Patty nods. “I’m gonna educate you.” She pops the nigiri in her mouth, but she can’t help but mutter around it. “Lived in the city this long, never had sushi. Probably never had bibimbap. Probably never had empanadas.”

“I have had that,” Holtzmann kind of whines, but she pulls it off. Sounds adorable instead. Lucky her. “I’ve at least had that.”

“Well.” Patty takes two golden dishes off the conveyor belt - tempura spider rolls, her favorite. “Small favors.”

“You’re no small favor. Not you.” Holtzmann clears her throat. “You’re magnetic,” she says quietly, and Patty is so lucky this isn’t her first rodeo - or even her third - or she’d come apart right there. 

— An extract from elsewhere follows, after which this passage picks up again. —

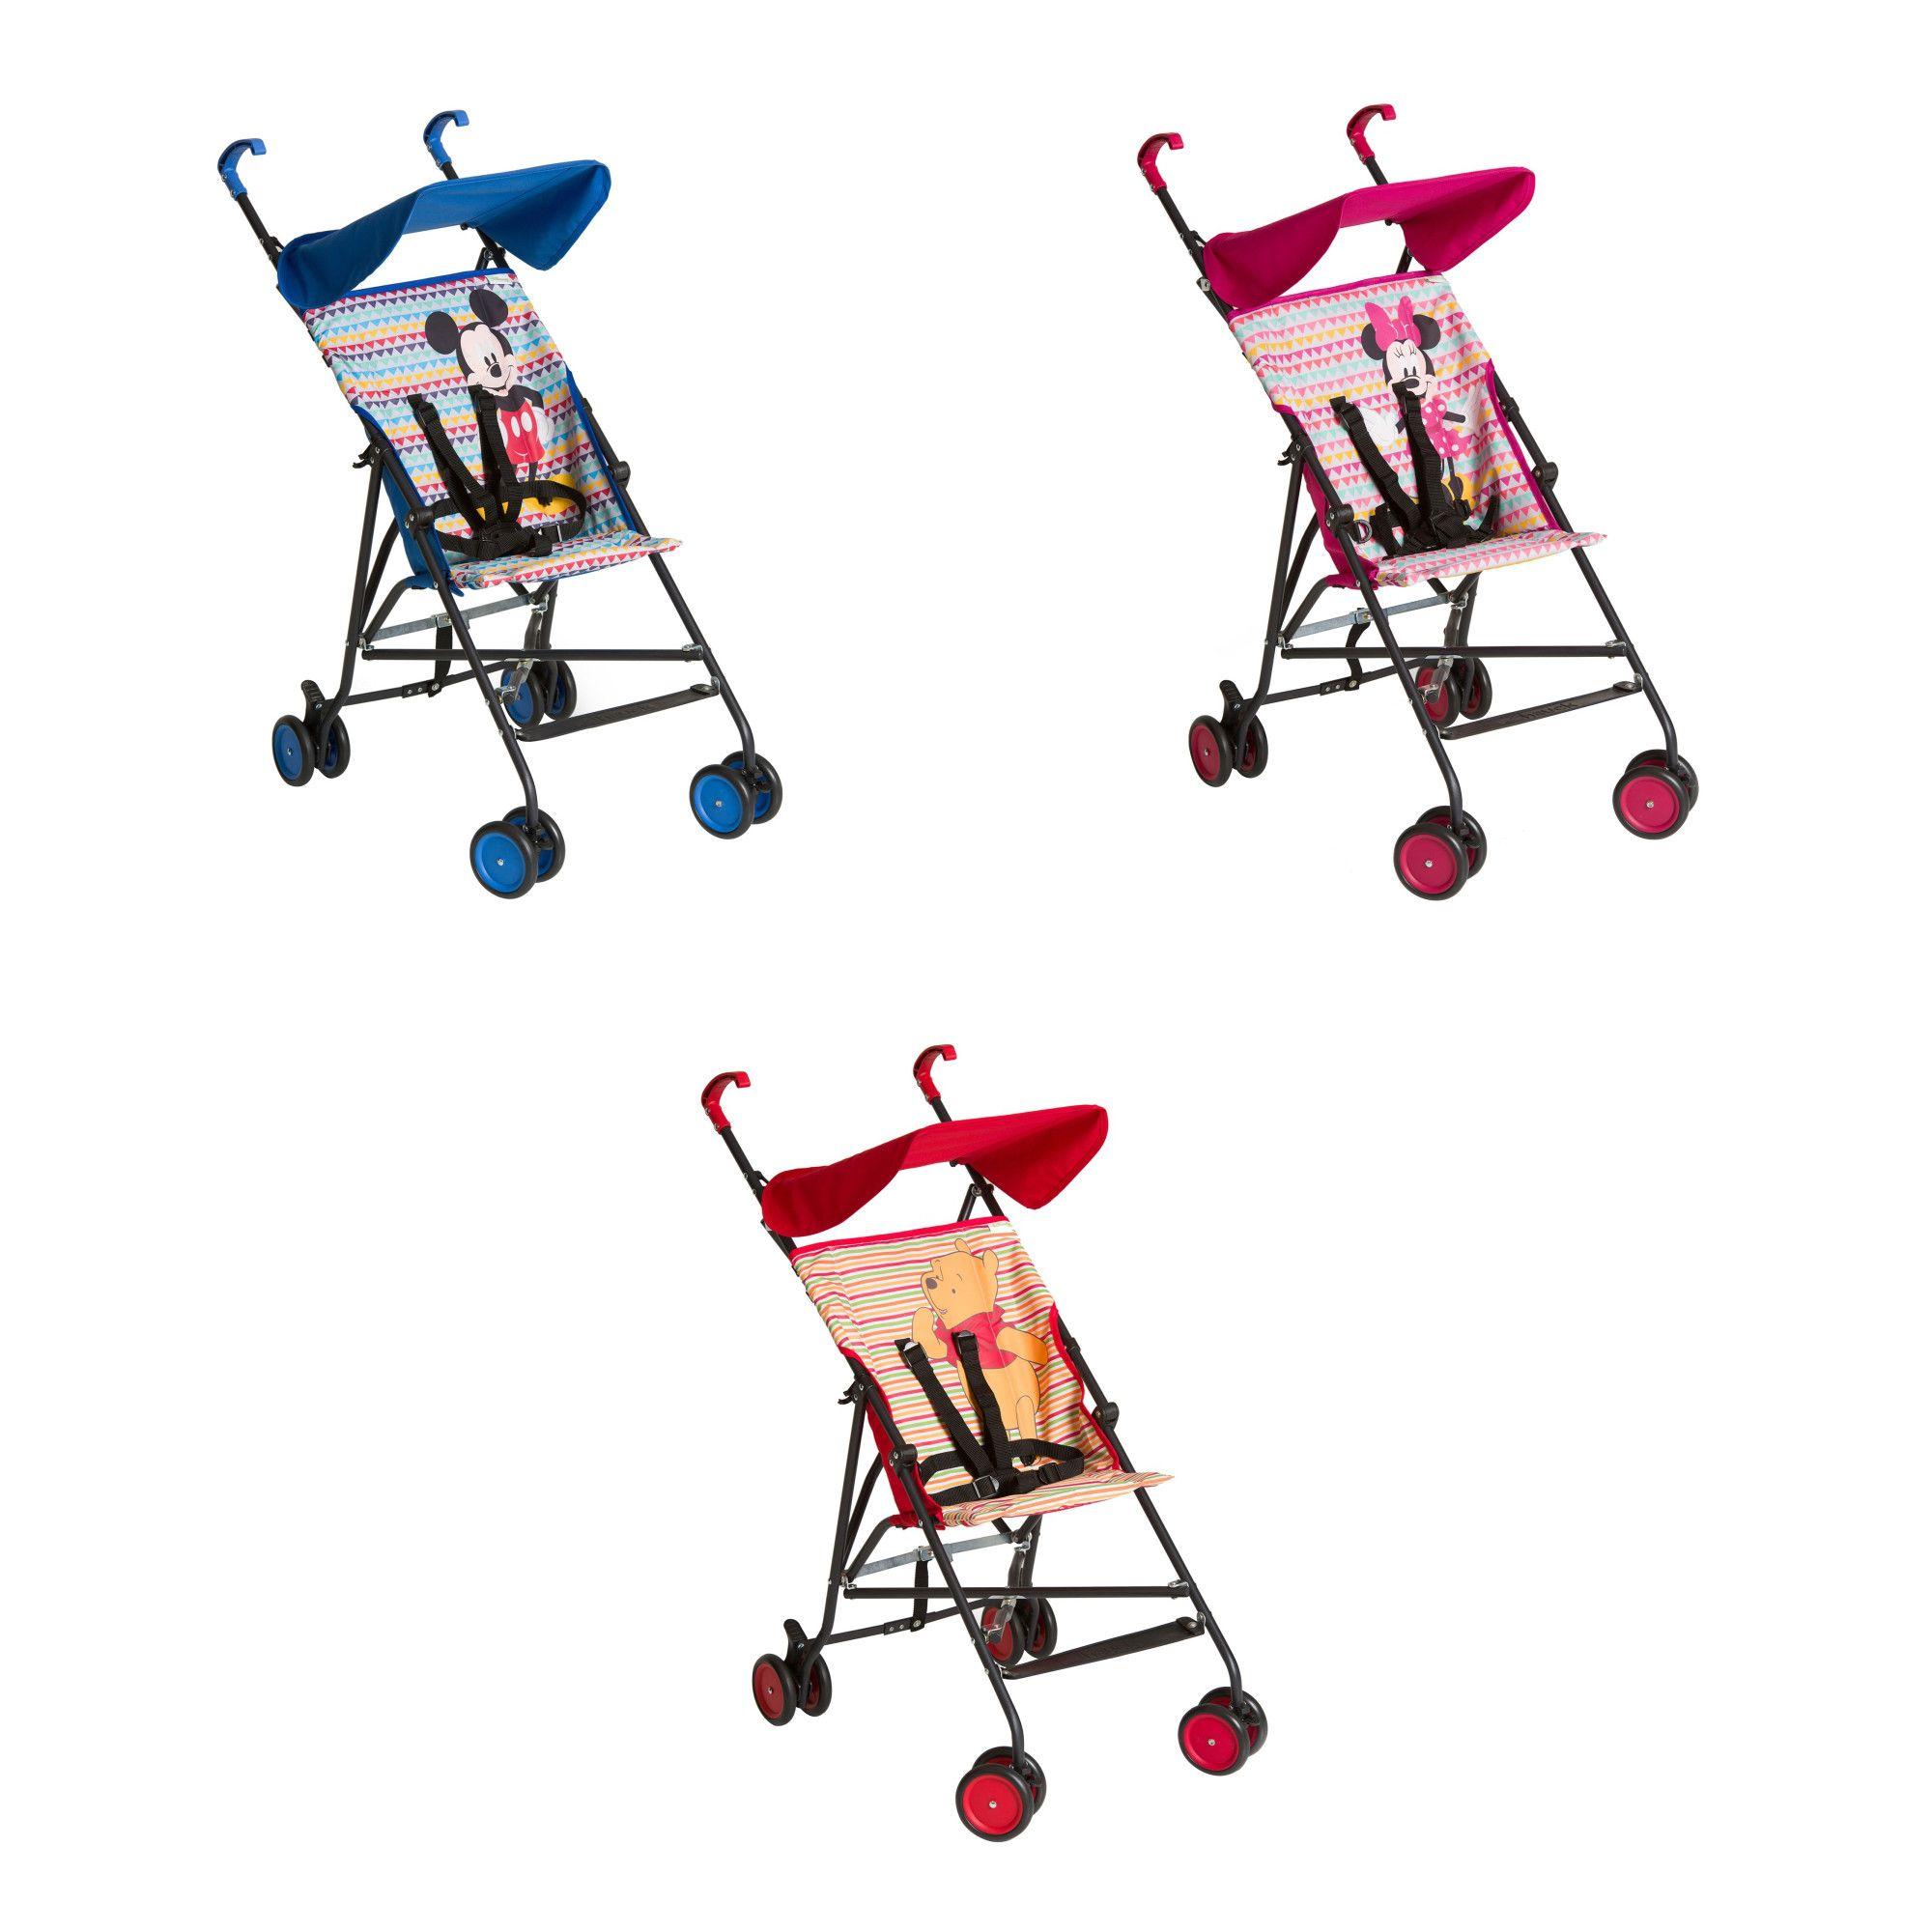 Hauck Disney Sun Plus Buggy Kinderwagen Buggy Mit Sonnendach 6 Monate Bis 15kg Ebay

“Pulchritudinous,” Holtzmann adds.

Patty raises an eyebrow. “Okay, don’t push your luck.”

“Thaumaturgic.”

“Stop now.”

Holtzmann looks up. Smiles. “Diaphanous.”

Patty snorts. “What, you have a thesaurus in your lap? Don’t lie.”

And anyway, Holtzmann picks up the salmon nigiri and chews on it thoughtfully for a moment. Finally she says, “It’s good. You have good taste.”

Patty nods. “Damn straight.”

\---

They do that thing again.

It doesn’t happen quickly though. Holtzmann ends up eating her weight in sushi, and then they get fried green tea ice cream, and then plum wine goes so well with fried ice cream, and then miraculously they have room - or maybe they just stuff themselves - for a bowl of fried red bean ice cream before Holtzman finally slams her hand against the table and calls it quits.

Patty invites her home.

Her roommate is away for the weekend - planned, thank you very much - and Holtzmann seems so impressed with the place.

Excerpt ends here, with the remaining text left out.